La ville d’Ohrid est ensuite conquise par le roi de Serbie Stefan Uroš IV Dušan en 1334. Ce souverain se fait par ailleurs couronner empereur des Serbes et des Grecs en 1346 à Skopje, qui devient la capitale de son empire.

À la fin du XIVe siècle, les Serbes sont remplacés dans la région par les Turcs, conduits par le sultan Bayezid Ier.

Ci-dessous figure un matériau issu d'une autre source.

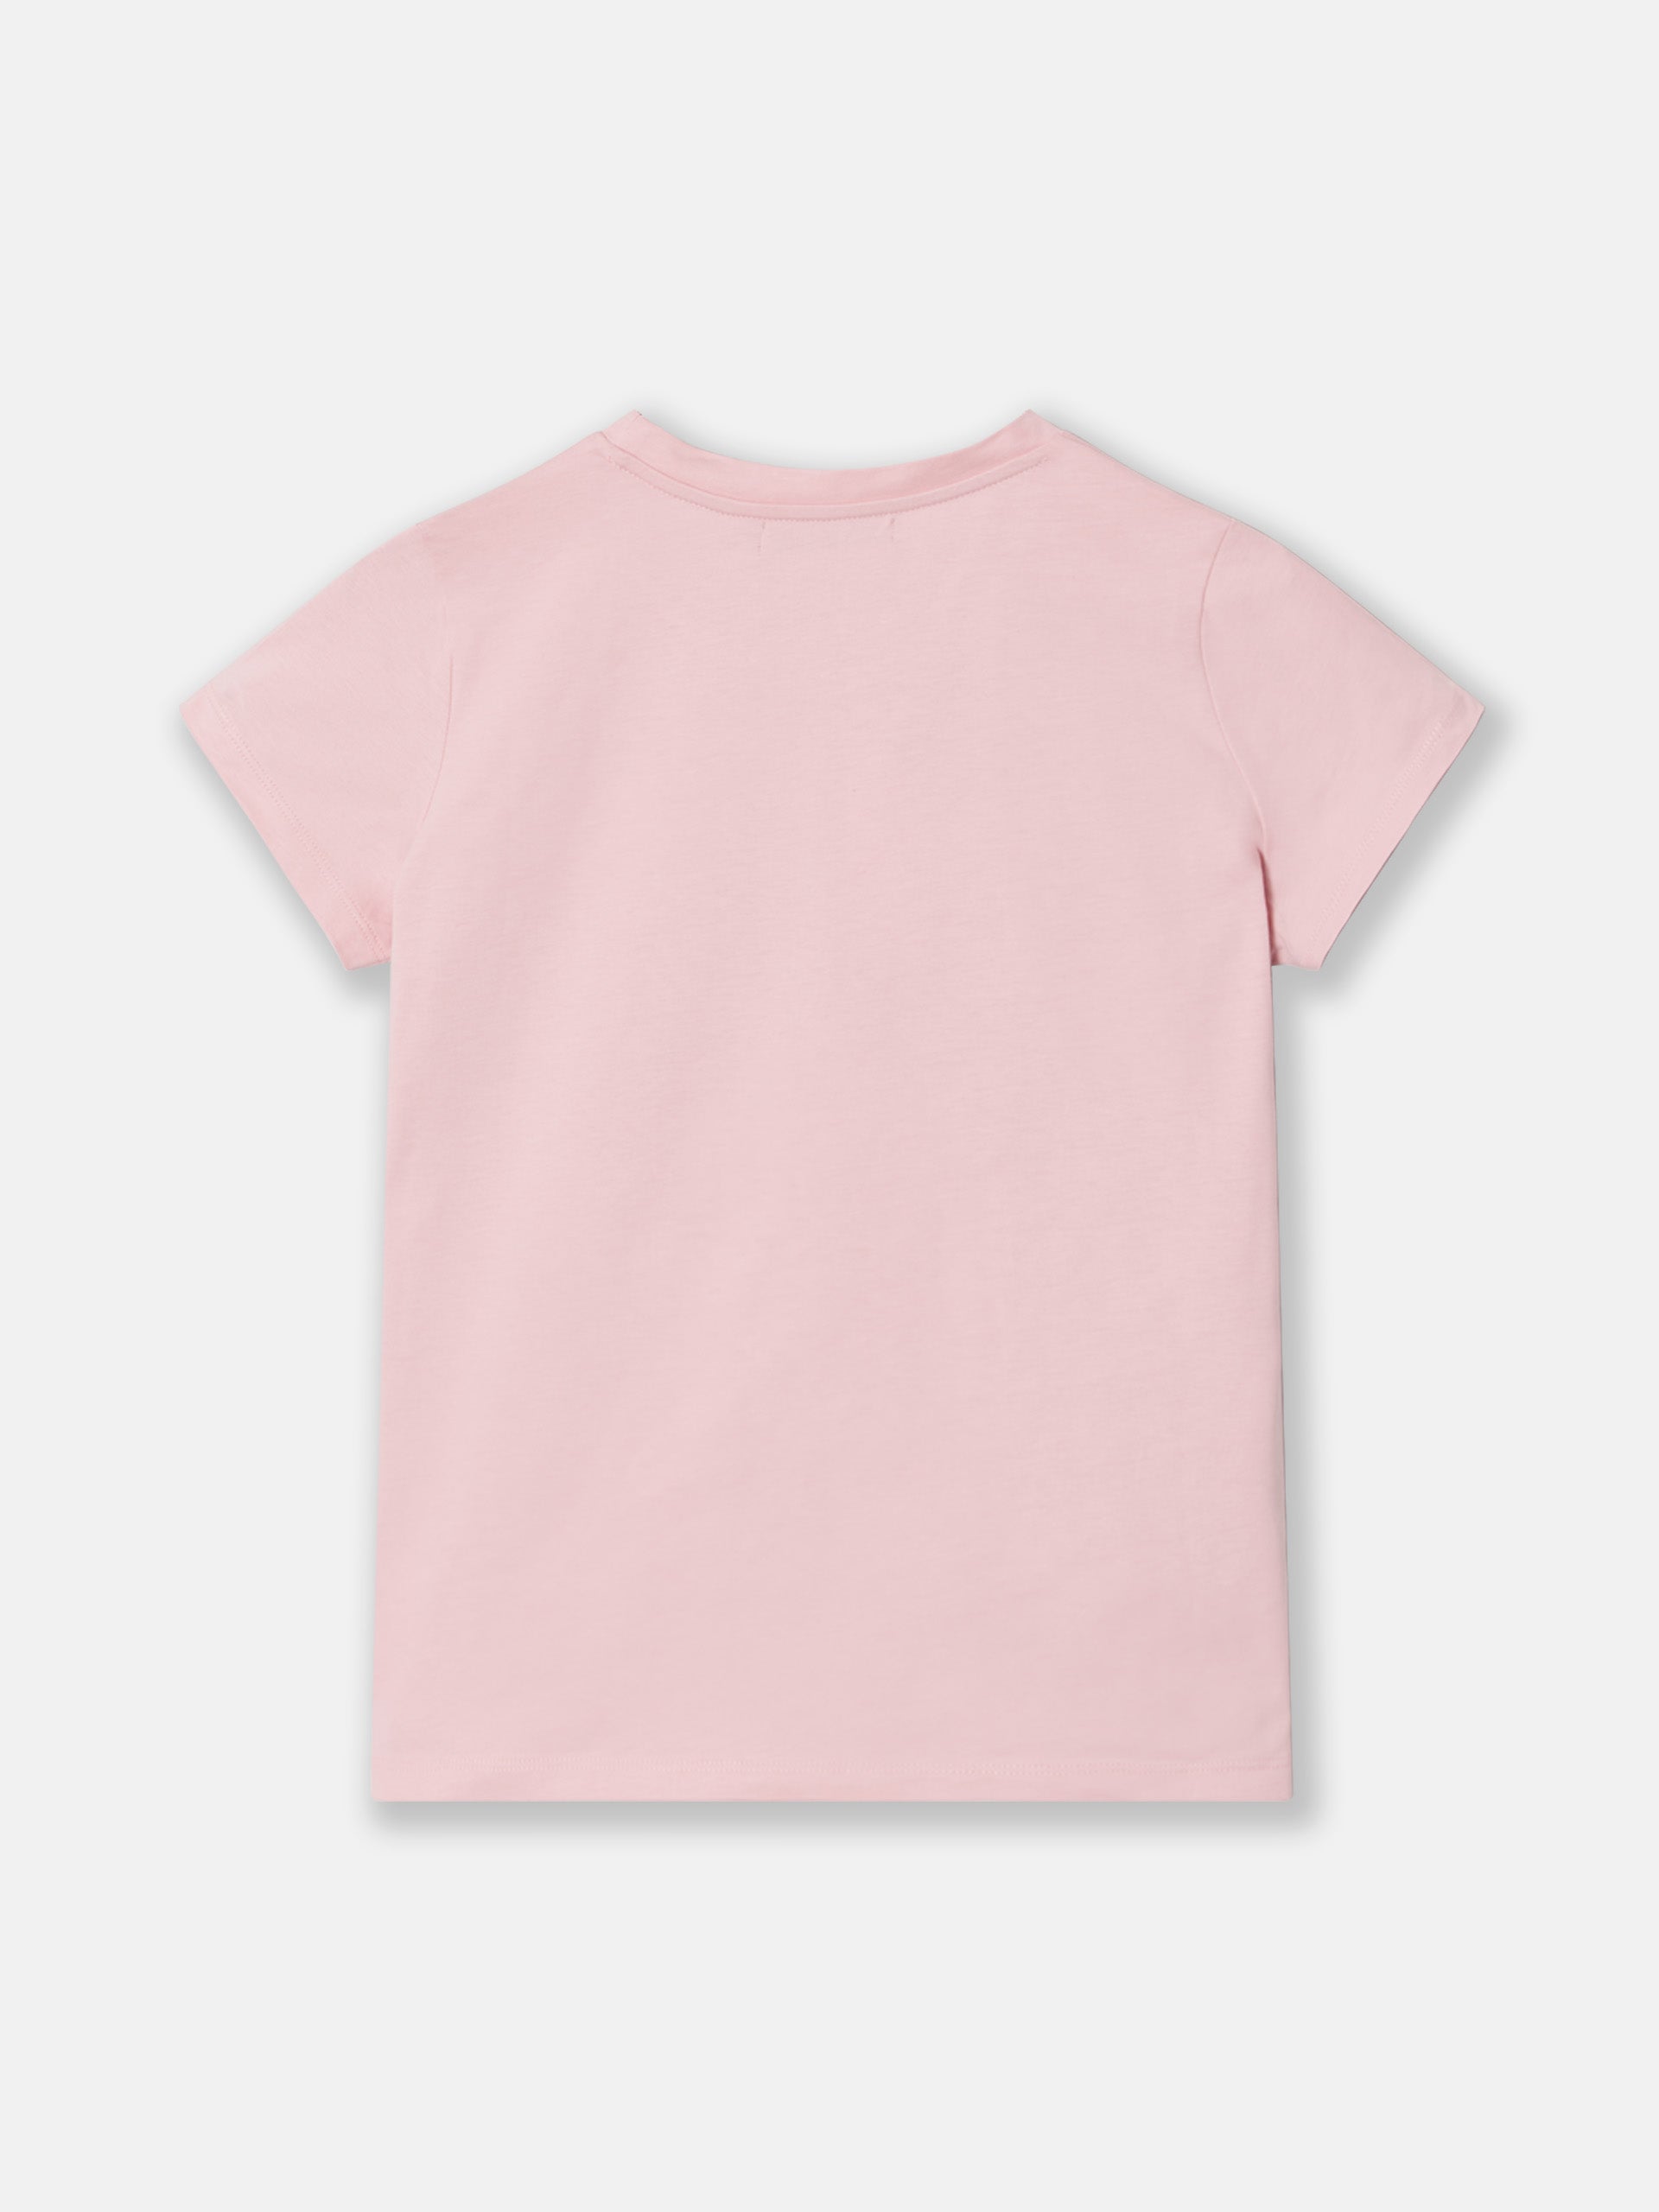 Camiseta woman clasica rosa claro

La date exacte du passage d’Ohrid aux Turcs ne peut être précisément déterminée ; une inscription dans une église proche donne 1408 tandis les écrits turcs affirment 1395.

L’arrivée des Turcs et l’islamisation des habitants a un impact important sur la ville, qui change de visage. les premiers monuments turcs sont construits dès le début du XVe siècle et le monastère Saint-Pantaleimon d’Ohrid est converti en mosquée, tout comme la cathédrale Sainte-Sophie d’Ohrid au XVIe siècle.

D’après le recensement effectué par les Turcs en 1582, la commune d’Ohrid couvrait alors 88 villages et comptait 13 592 habitants, ce qui traduit une densité de population élevée. La majorité des habitants étaient probablement des Macédoniens slaves et devaient cohabiter avec des minorités valaques et albanaises. Le grand voyageur et écrivain du XVIIe siècle Evliya Çelebi recense à Ohrid 17 lieux de culte musulman, sept écoles primaires, 77 bains et trois cantines publiques. La ville devait compter en plus 150 magasins, trois tavernes, trois auberges et sept cafés.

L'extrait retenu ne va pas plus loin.